*WHAT IS REQUIRED*:
In the records below, find every line that contains "moderno" and list it.

*Collection entries*:
┄┄┄┄┄┄

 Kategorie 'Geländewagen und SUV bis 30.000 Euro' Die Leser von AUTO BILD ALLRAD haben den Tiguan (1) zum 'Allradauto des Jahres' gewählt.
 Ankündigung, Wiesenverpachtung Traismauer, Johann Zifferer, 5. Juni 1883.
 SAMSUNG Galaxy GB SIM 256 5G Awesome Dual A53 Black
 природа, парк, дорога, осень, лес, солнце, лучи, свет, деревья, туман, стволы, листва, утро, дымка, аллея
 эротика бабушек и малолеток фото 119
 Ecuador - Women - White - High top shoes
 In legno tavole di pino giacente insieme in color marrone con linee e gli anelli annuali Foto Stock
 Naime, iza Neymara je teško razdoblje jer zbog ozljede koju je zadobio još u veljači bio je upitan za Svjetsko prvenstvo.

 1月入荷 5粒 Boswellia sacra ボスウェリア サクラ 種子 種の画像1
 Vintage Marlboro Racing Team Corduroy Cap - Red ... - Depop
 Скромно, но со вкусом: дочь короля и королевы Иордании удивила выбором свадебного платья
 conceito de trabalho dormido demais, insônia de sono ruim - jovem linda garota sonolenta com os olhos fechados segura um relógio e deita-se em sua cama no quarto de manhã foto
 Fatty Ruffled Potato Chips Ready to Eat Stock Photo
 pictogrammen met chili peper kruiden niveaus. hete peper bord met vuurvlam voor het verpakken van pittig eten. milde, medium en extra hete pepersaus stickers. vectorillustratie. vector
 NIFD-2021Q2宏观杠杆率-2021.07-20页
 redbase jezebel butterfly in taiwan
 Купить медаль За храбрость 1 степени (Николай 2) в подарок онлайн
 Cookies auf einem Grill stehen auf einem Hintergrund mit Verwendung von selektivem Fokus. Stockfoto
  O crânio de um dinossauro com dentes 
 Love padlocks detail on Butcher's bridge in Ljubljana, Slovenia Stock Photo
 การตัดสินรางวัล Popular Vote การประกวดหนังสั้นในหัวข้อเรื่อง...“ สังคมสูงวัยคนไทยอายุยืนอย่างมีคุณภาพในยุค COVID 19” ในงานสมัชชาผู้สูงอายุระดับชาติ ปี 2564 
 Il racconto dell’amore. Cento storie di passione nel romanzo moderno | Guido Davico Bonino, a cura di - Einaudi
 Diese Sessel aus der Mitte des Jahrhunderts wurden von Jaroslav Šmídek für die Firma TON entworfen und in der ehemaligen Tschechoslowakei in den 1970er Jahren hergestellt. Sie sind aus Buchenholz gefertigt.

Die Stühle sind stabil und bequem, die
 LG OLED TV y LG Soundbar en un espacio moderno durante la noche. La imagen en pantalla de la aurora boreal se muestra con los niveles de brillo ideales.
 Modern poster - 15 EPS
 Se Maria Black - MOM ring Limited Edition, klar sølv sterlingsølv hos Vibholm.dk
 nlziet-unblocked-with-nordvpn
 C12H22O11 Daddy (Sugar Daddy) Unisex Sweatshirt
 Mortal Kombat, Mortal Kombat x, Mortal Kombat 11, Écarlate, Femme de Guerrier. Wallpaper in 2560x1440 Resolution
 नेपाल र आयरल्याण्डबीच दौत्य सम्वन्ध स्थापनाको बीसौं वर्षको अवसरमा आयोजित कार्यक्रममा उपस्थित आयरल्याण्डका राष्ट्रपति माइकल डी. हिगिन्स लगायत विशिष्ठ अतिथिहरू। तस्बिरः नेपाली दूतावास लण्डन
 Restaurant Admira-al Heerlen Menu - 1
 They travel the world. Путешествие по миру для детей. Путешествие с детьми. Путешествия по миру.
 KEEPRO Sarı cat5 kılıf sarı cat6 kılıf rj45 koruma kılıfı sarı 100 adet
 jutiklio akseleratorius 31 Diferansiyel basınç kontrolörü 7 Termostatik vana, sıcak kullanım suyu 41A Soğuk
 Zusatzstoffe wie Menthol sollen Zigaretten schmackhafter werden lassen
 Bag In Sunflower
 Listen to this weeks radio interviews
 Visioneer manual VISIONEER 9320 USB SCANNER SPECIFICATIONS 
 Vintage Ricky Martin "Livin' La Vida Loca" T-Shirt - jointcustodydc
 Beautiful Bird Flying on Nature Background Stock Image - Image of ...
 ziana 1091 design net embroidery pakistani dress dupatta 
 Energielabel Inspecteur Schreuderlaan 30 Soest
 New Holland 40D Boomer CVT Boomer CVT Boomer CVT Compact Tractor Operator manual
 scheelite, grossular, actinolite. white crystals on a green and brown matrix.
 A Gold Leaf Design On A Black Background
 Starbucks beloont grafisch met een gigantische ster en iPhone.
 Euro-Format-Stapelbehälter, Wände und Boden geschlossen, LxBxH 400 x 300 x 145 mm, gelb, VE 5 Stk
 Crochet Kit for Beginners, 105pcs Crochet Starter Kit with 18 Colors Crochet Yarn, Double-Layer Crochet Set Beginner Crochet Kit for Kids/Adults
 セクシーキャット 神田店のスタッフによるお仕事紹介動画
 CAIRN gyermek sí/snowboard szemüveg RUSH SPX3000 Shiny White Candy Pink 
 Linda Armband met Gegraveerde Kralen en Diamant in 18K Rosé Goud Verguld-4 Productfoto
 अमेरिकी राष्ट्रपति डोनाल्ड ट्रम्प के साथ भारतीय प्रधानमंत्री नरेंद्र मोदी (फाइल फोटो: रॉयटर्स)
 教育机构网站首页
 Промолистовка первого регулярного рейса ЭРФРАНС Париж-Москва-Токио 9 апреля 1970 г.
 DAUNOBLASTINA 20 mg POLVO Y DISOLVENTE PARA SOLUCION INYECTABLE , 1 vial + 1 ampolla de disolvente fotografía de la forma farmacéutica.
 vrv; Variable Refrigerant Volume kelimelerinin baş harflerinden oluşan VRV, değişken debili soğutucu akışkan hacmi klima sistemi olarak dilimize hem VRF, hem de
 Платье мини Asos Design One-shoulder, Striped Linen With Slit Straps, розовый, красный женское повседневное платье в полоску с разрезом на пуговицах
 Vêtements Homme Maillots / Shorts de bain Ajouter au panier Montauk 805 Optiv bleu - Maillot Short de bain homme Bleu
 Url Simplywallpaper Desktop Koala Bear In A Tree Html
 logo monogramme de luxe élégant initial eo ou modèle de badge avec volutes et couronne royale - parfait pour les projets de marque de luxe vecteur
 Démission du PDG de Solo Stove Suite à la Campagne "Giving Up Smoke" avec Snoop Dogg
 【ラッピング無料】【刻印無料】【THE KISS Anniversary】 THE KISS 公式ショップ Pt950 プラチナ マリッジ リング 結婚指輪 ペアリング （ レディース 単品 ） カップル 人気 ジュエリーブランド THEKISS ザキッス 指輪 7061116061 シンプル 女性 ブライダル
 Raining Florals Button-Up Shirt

┄┄┄┄┄┄

*COMPLETED TASK*:
 Il racconto dell’amore. Cento storie di passione nel romanzo moderno | Guido Davico Bonino, a cura di - Einaudi
 LG OLED TV y LG Soundbar en un espacio moderno durante la noche. La imagen en pantalla de la aurora boreal se muestra con los niveles de brillo ideales.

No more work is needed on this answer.